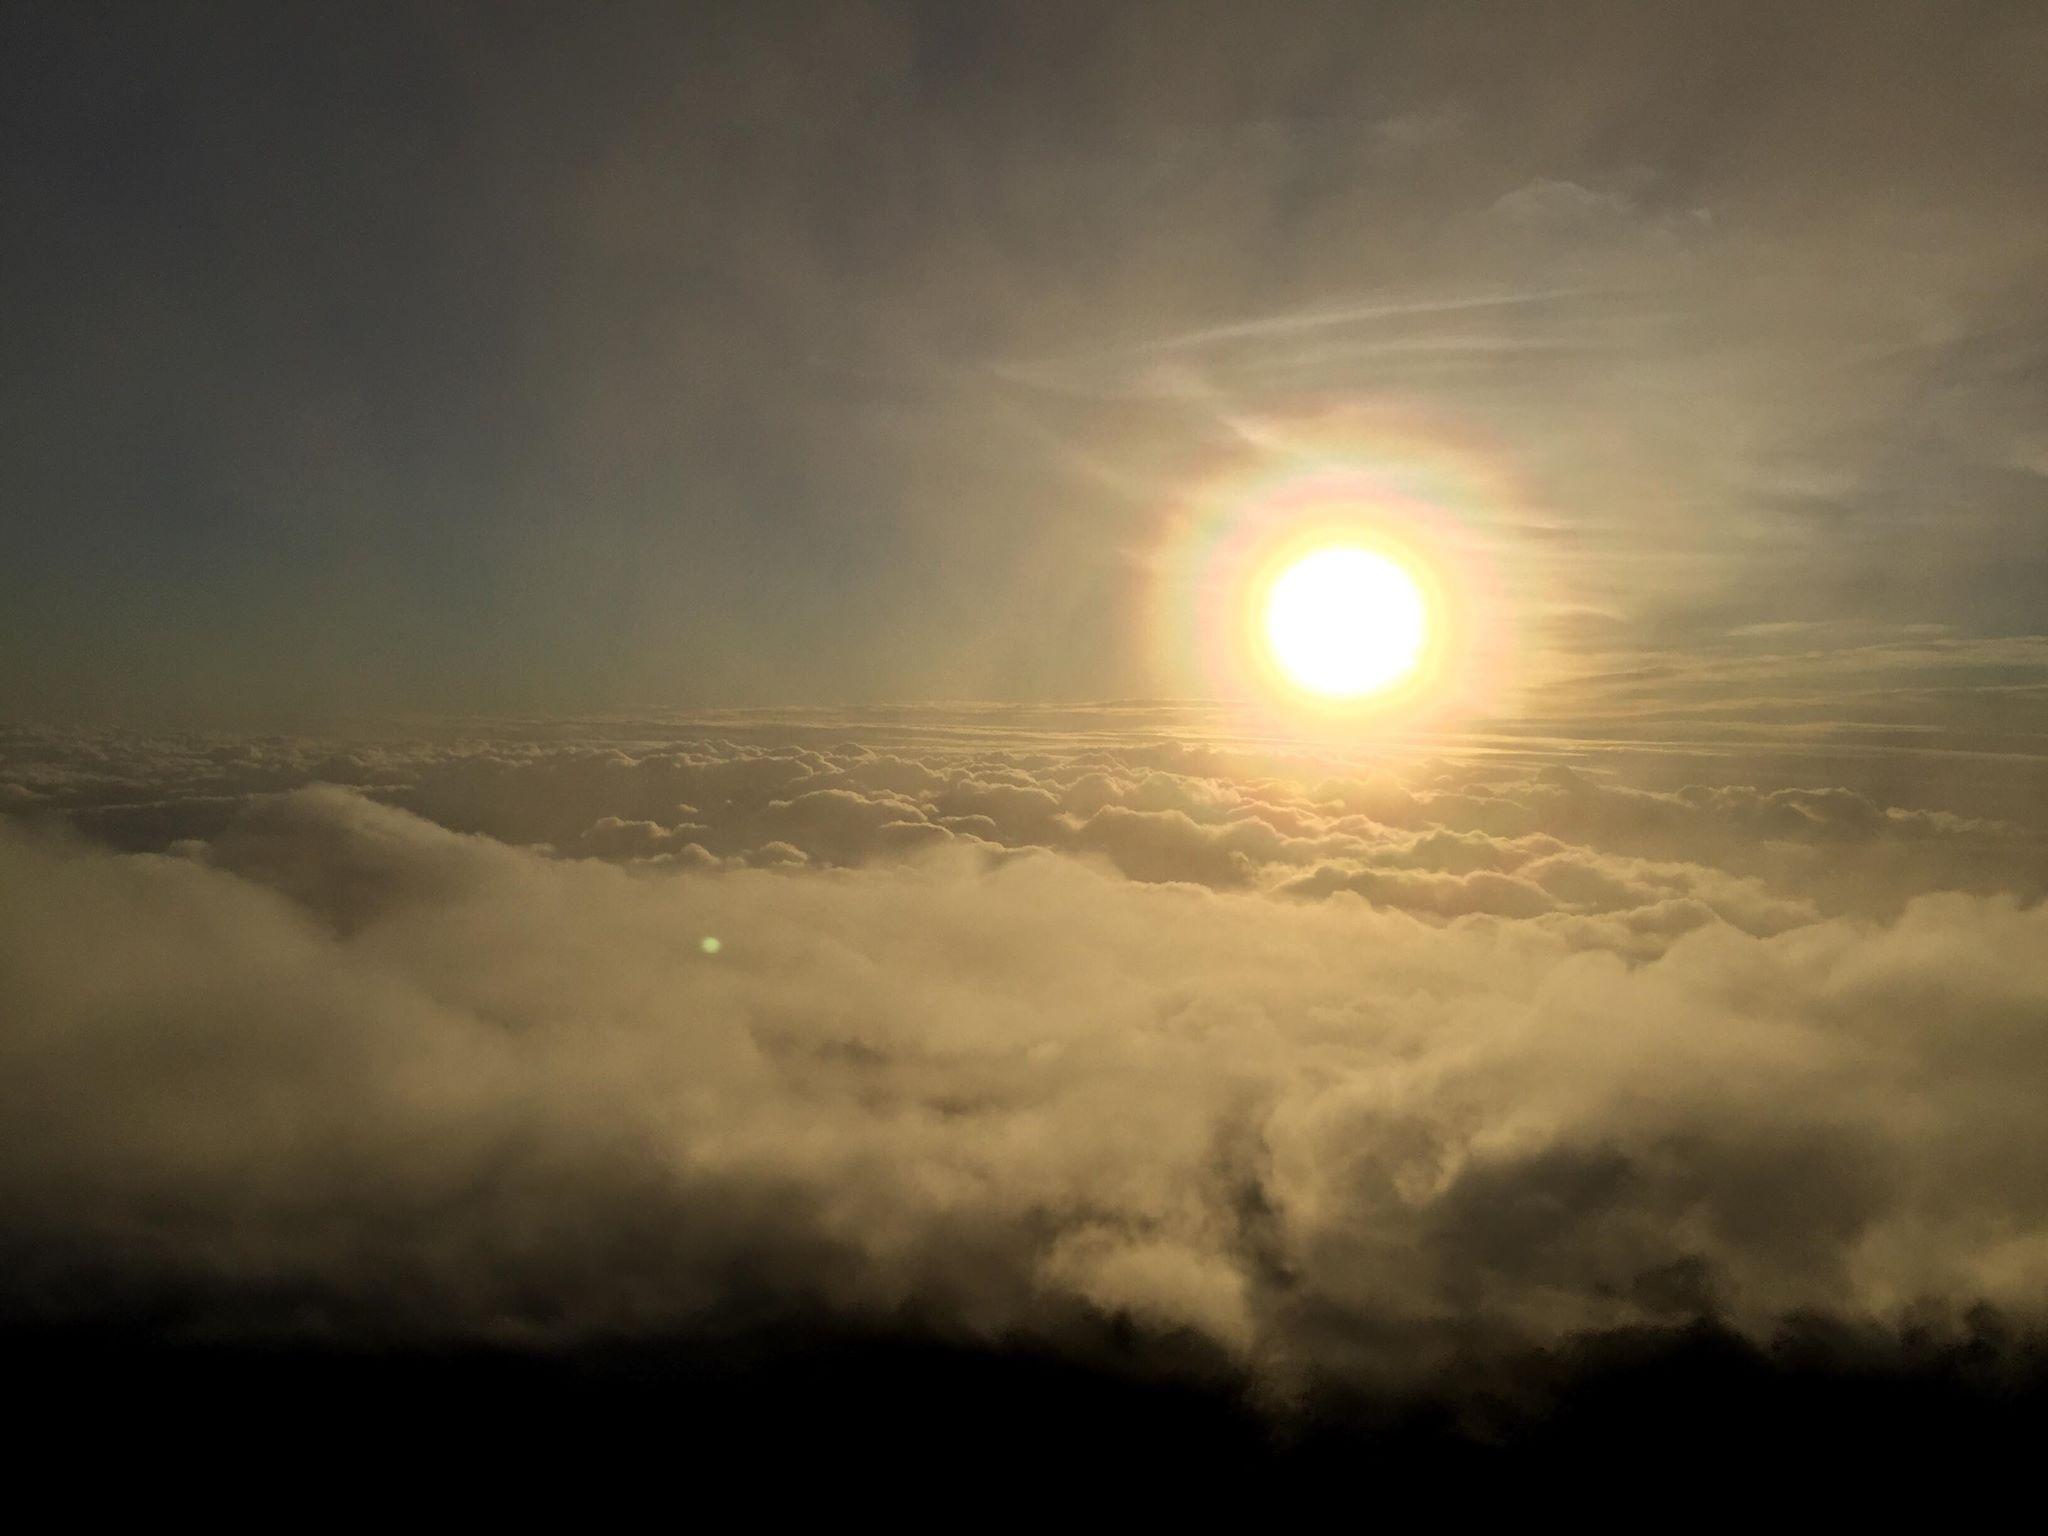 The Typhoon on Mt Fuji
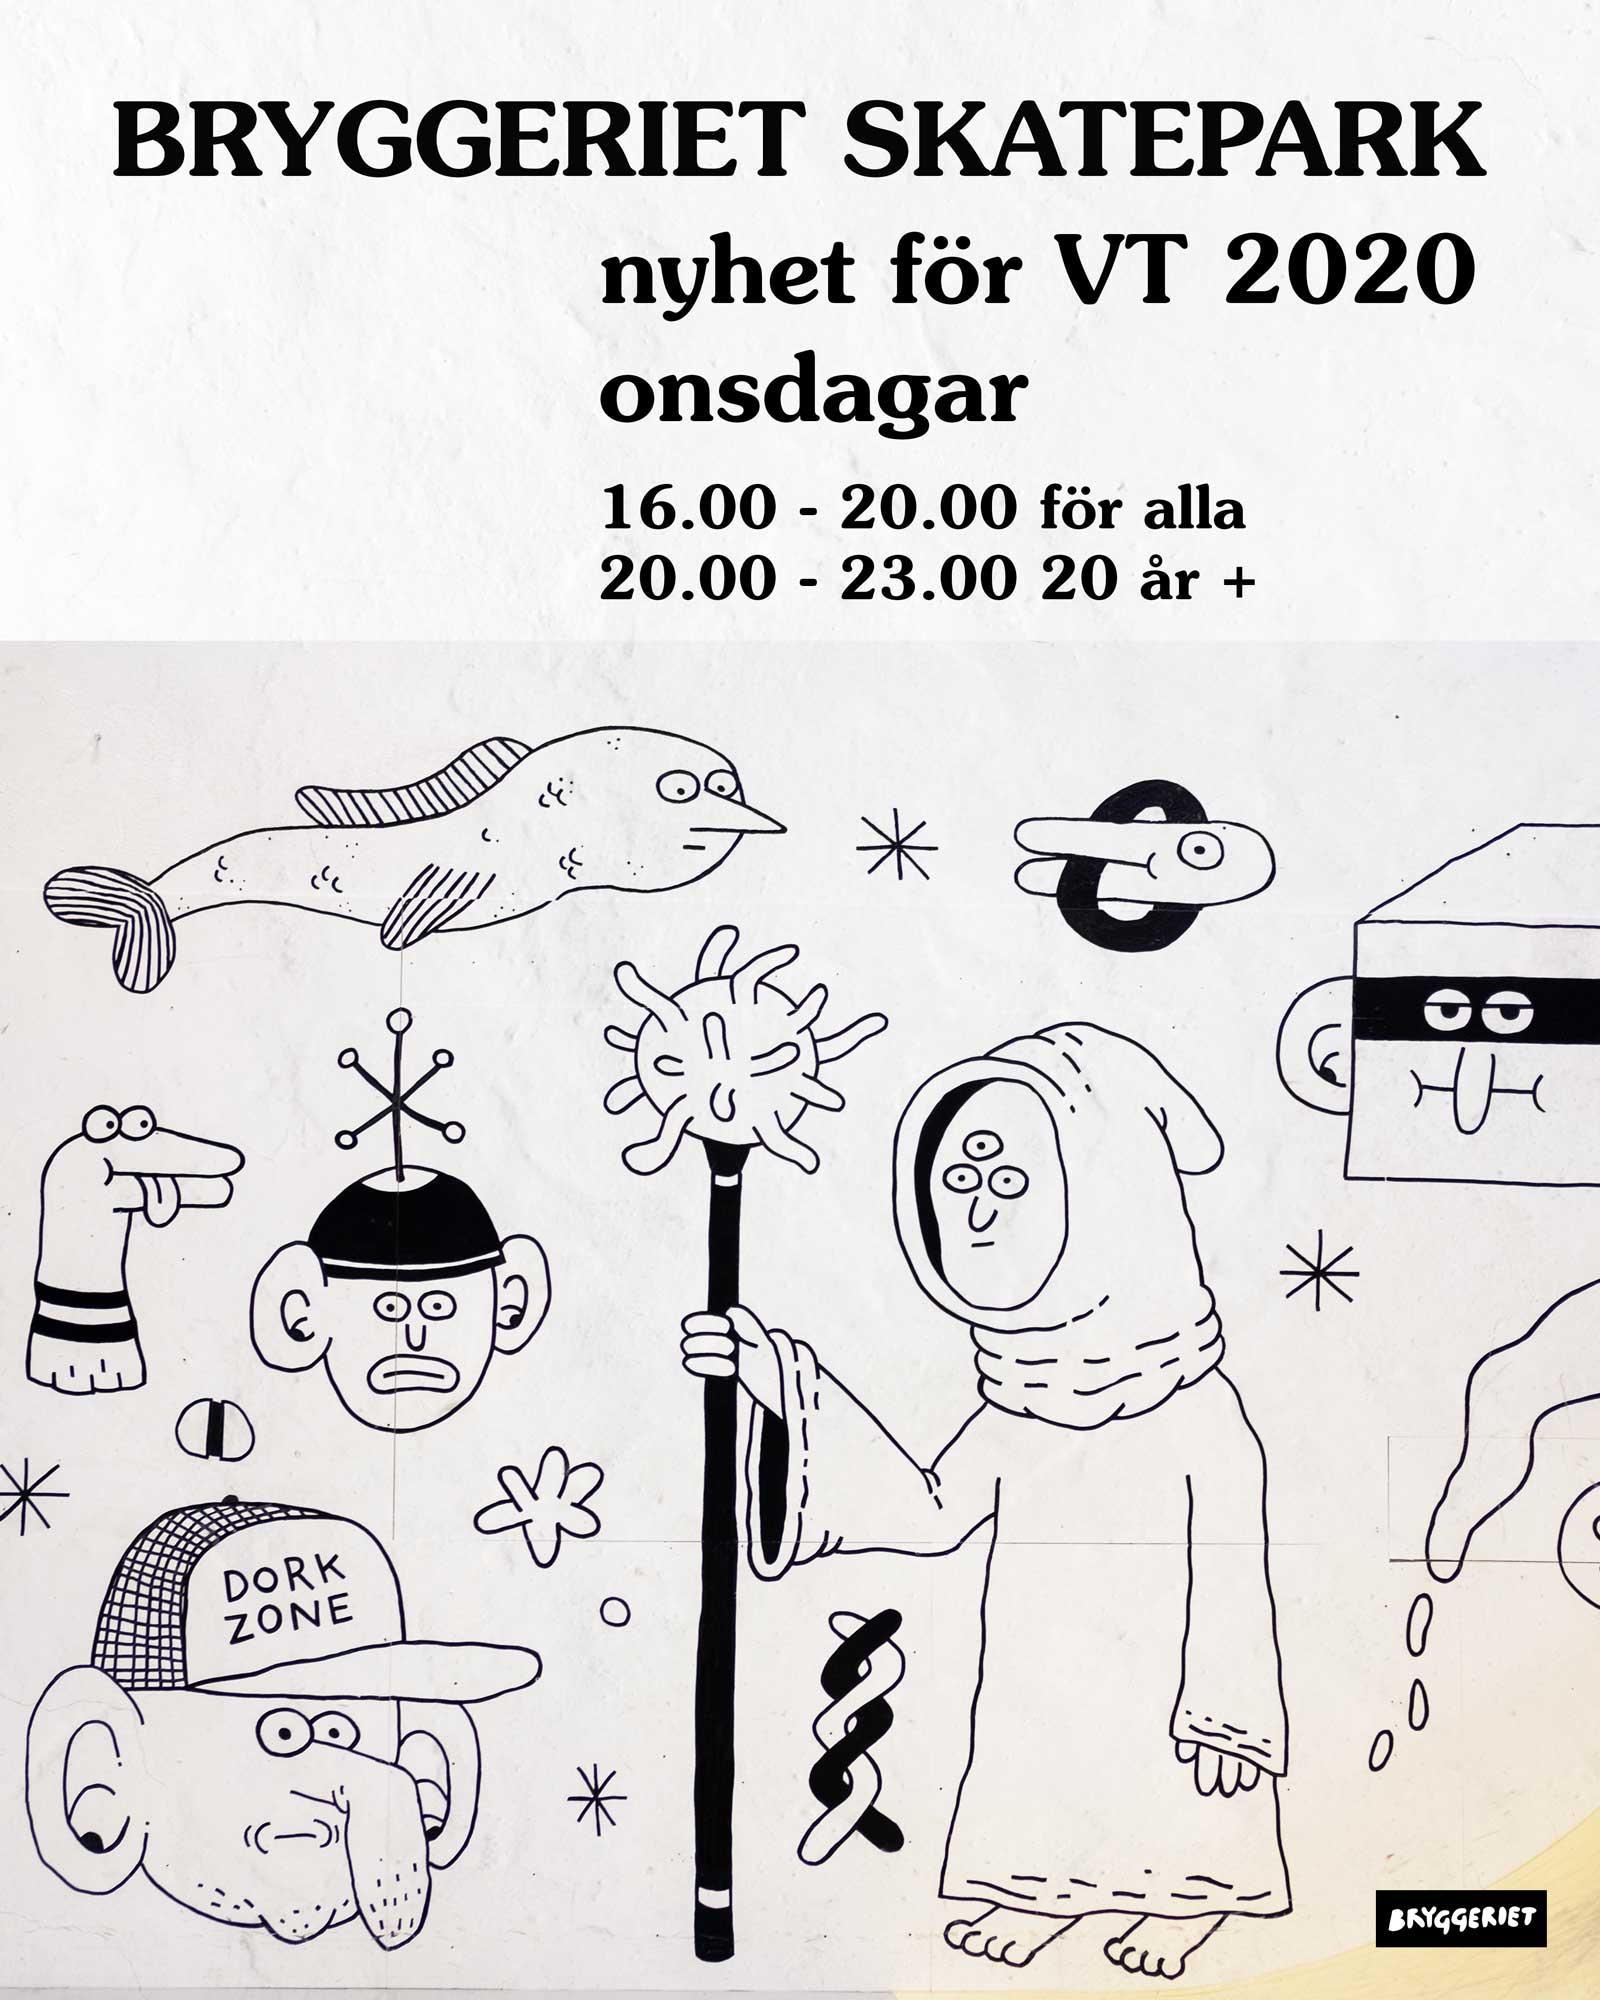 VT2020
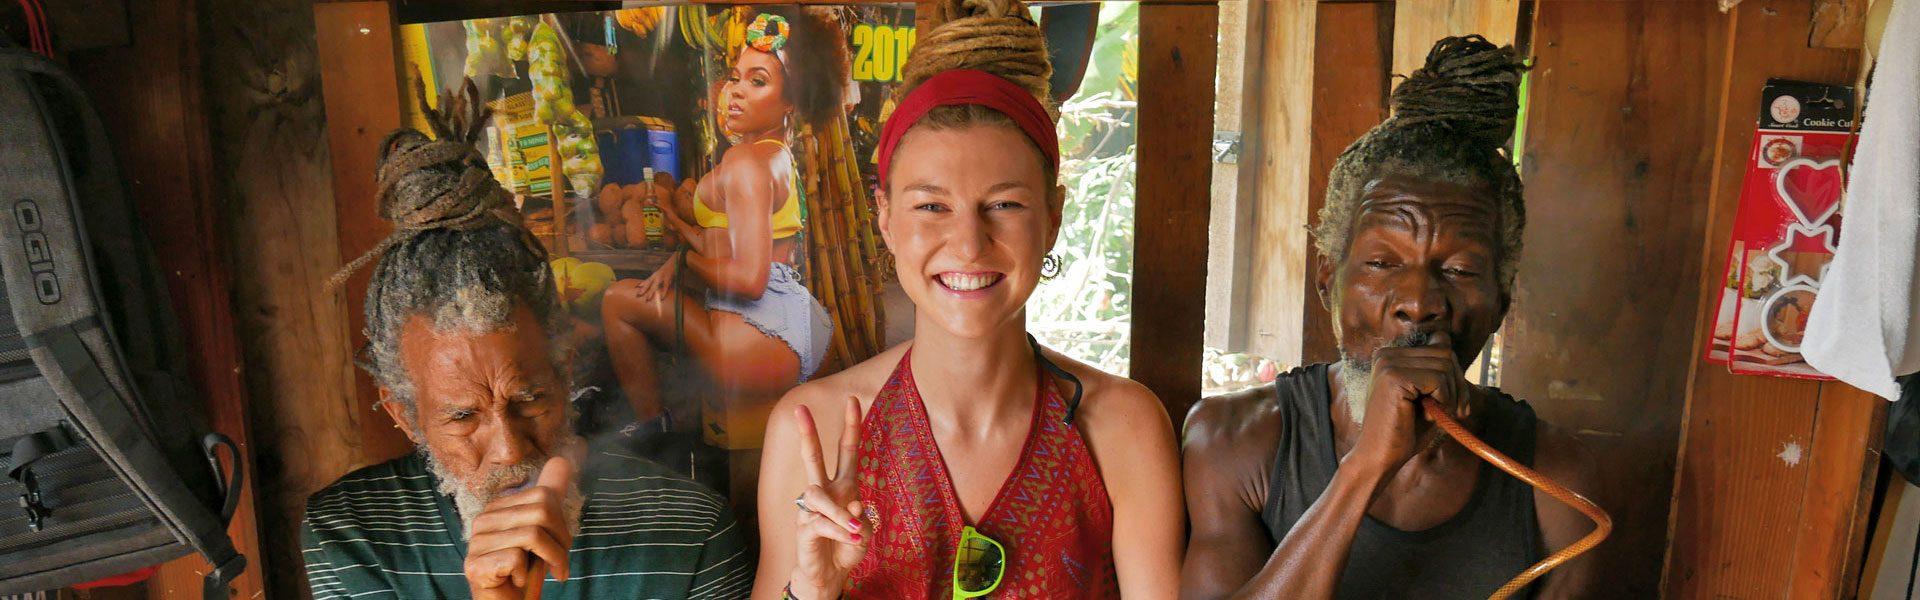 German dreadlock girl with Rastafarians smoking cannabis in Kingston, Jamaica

**Requirement**. Everything in the listing above is to be given again exactly, apart from the pictures.

**Solved exercise**.
 The Typhoon on Mt Fuji
 VT2020
 German dreadlock girl with Rastafarians smoking cannabis in Kingston, Jamaica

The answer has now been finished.